The frequent appearance of mythological figures and motifs in all areas of popular culture speaks to the notion that mythologies, far from being relics of the past, continue to have significance in the contemporary world. Movies, television, computer games, comics, graphic novels, traditional literature, visual arts, performing arts, politics, blogs--list goes on--contain both explicit and implicit epiphanies of archetypes such as Hermes and Isis and Kali, and of mythological narratives such as those found in classical Greek tragedies or medieval Grail legends, to name only a few examples. Contemporary revisionings and reinterpretations of ancient mythological elements reflect the attitudes of current culture.
Proposals that pertain to the general theme of Mythology in Contemporary Culture are welcomed.
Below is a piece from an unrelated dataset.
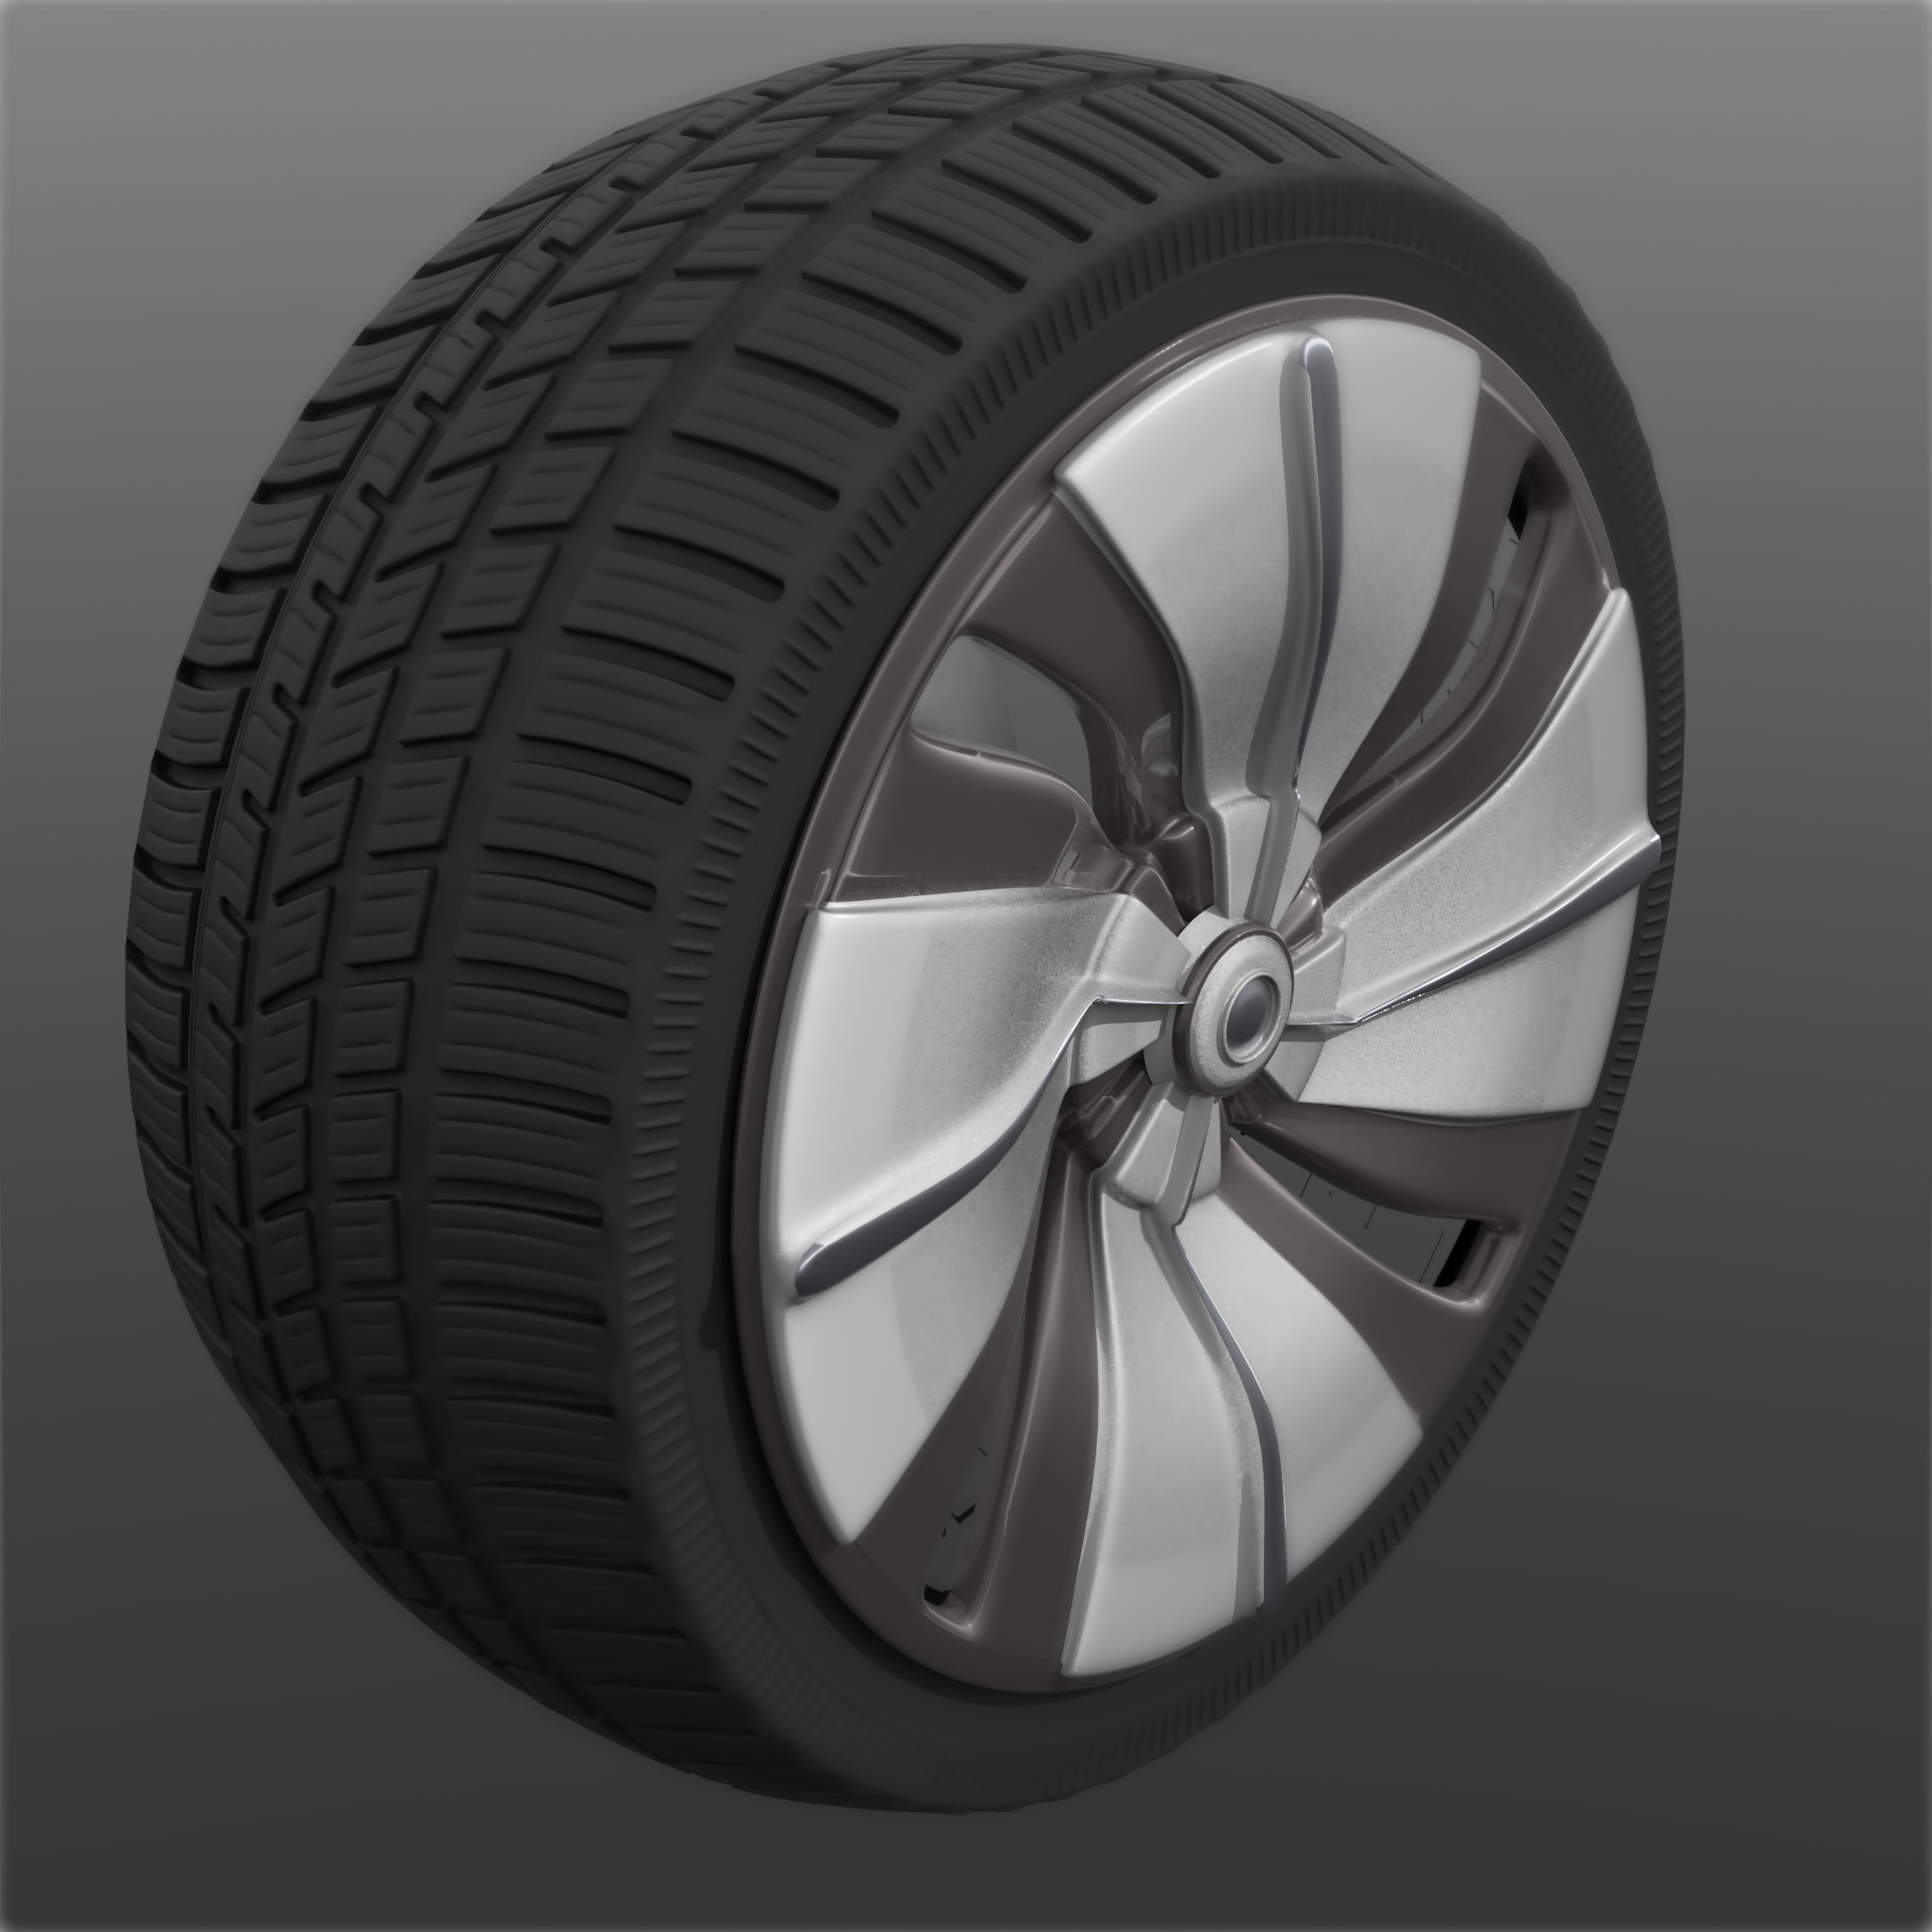 This is a wheel-and-tyre I modelled in Modo using a procedural setup (With some significant assistance from an exemplar by Eugene Fil (https://www.artstation.com/eugenethemodeler) - cheers mate!)

Please note that, for purposes of this area, the term “mythology” does not include postmodern evaluations or deconstructions of such “mythologies” as colonialism, structuralism or psychoanalysis.
Please submit an abstract of 250 words or less as an e-mail attachment to Kate Rittenhouse at email@example.com, no later than December 15, 2010.
The 2011 Popular Culture Association (PCA)/American Culture Association (ACA) Annual National Conference will take place April 20 - 23, 2011 at the Mariott Rivercenter and Riverwalk Hotels in San Antonio, Texas.